##### PROVIDED DATA
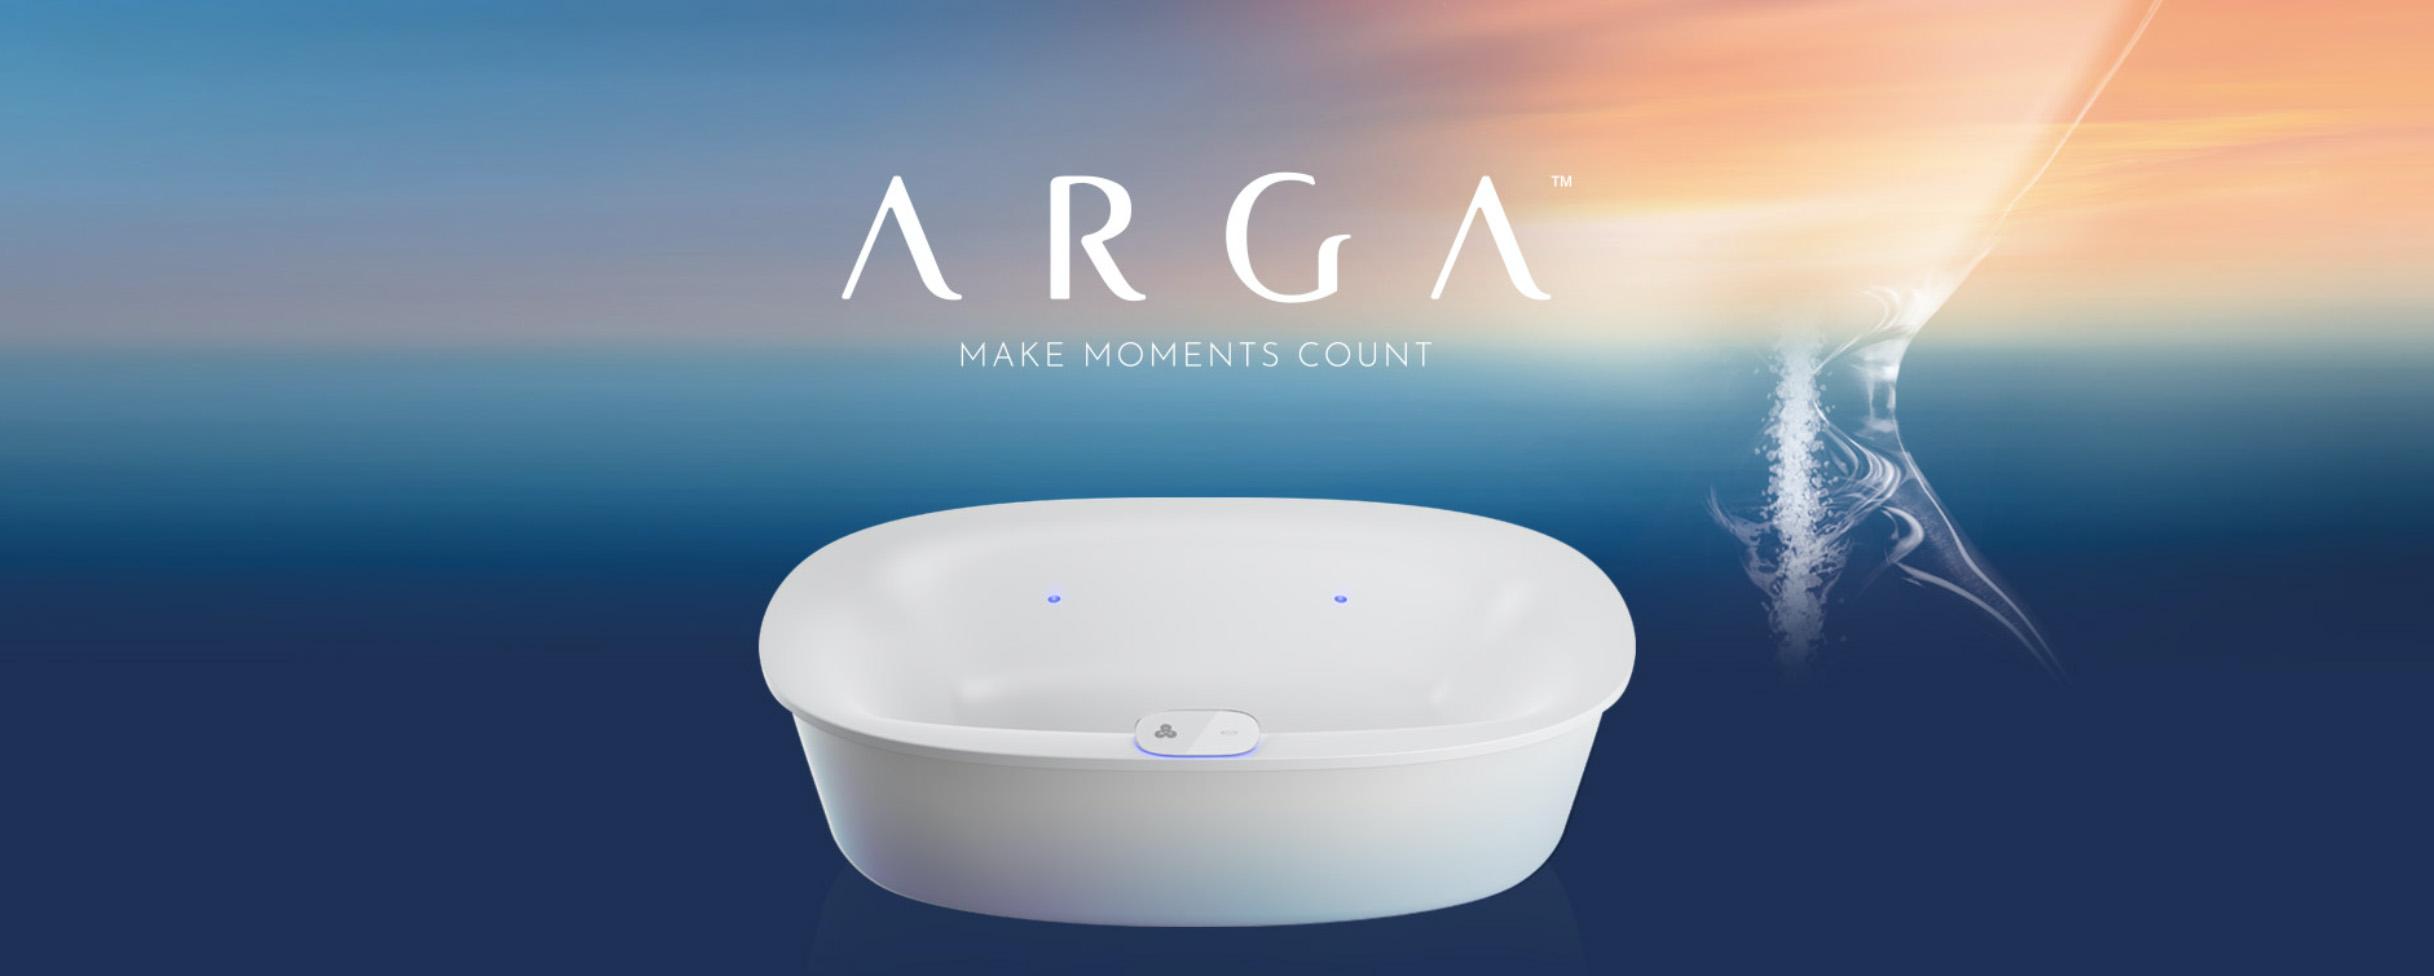 arga_visual_adv
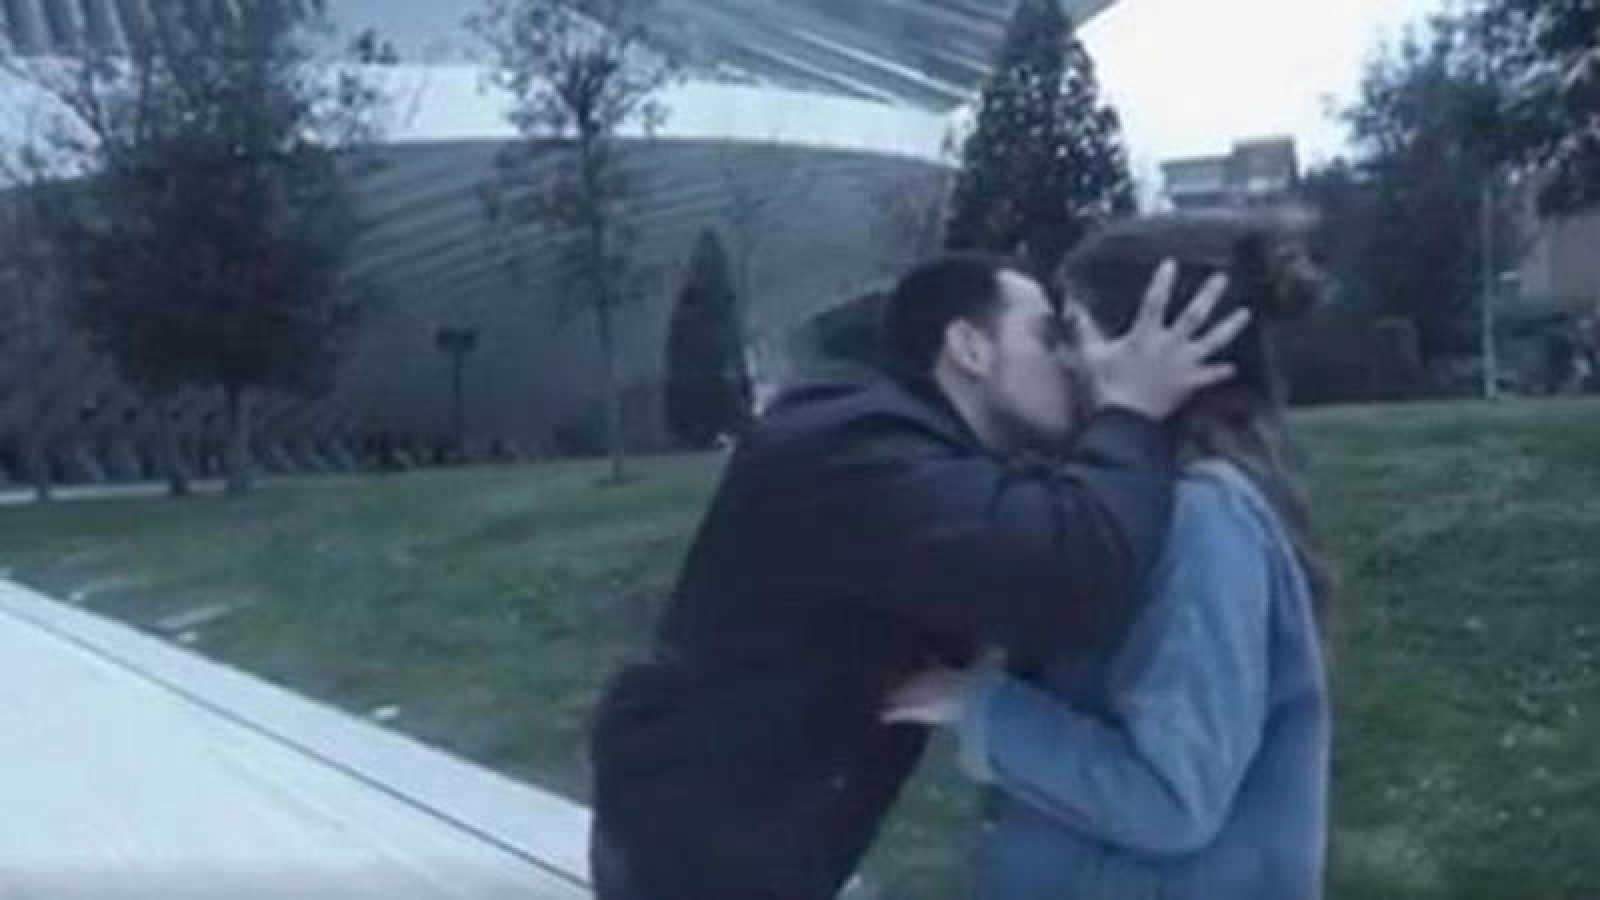 Wilson Alfonso colgó en Youtube el video con los besos sin consentimiento.
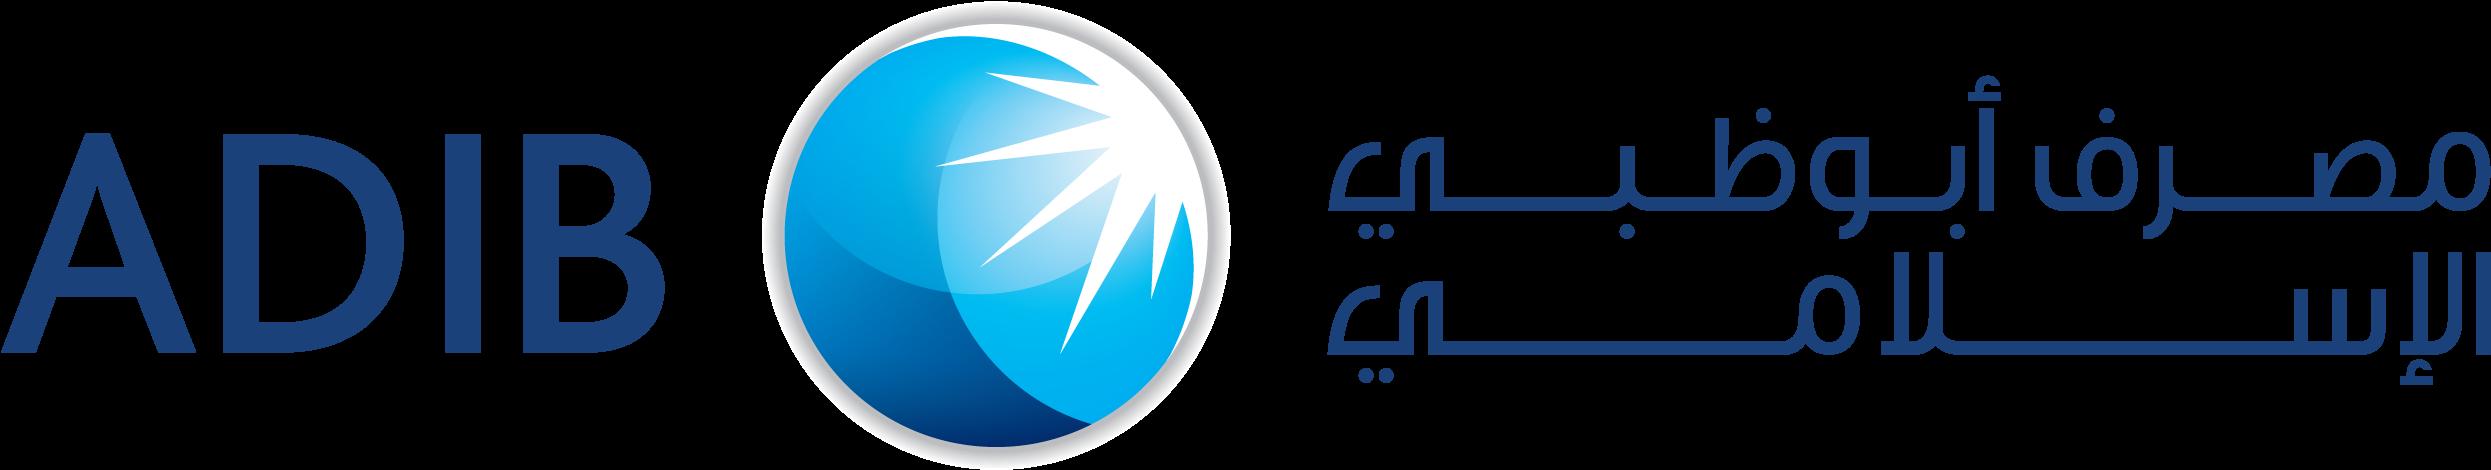 adib-logo
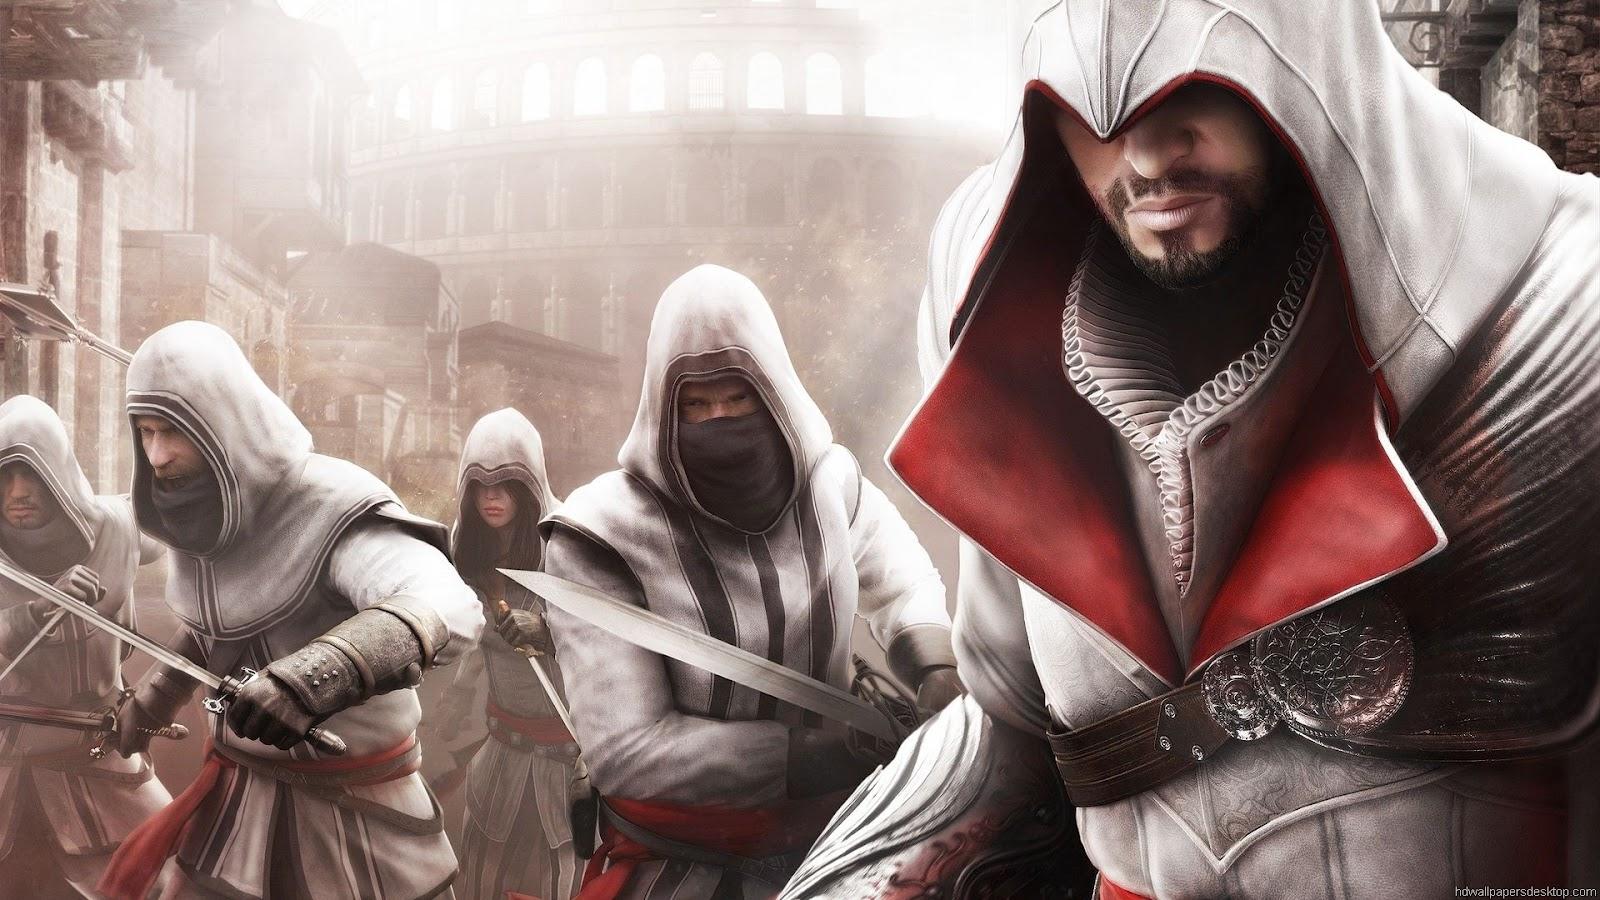 http://1.bp.blogspot.com/-vi28Xkek9IY/UA1je5q0FGI/AAAAAAAAAoA/6zgCcUvEzCk/s1600/Assassin\'s%2520Creed%2520Brotherhood%25203.jpg
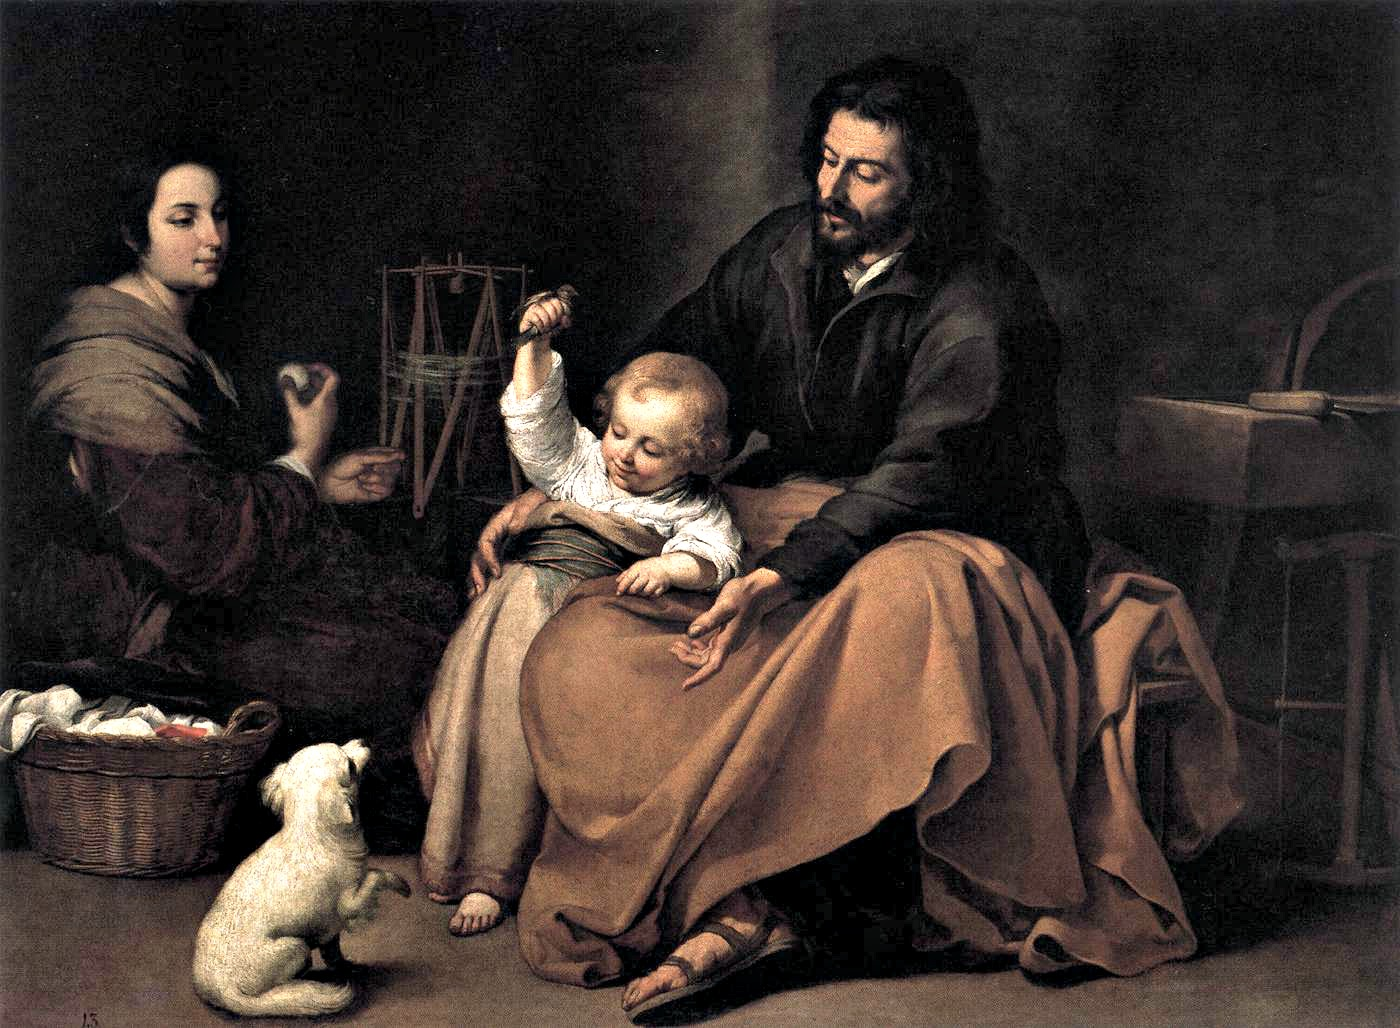 Bartolomé_Esteban_Perez_Murillo_-_The_Holy_Family_with_a_Bird_-_WGA16356
##########
ASSIGNMENT:
Give back the records above exactly. Pictures stay out.

OUTPUT FOR THIS EXERCISE:
 arga_visual_adv
 Wilson Alfonso colgó en Youtube el video con los besos sin consentimiento.
 adib-logo
 http://1.bp.blogspot.com/-vi28Xkek9IY/UA1je5q0FGI/AAAAAAAAAoA/6zgCcUvEzCk/s1600/Assassin\'s%2520Creed%2520Brotherhood%25203.jpg
 Bartolomé_Esteban_Perez_Murillo_-_The_Holy_Family_with_a_Bird_-_WGA16356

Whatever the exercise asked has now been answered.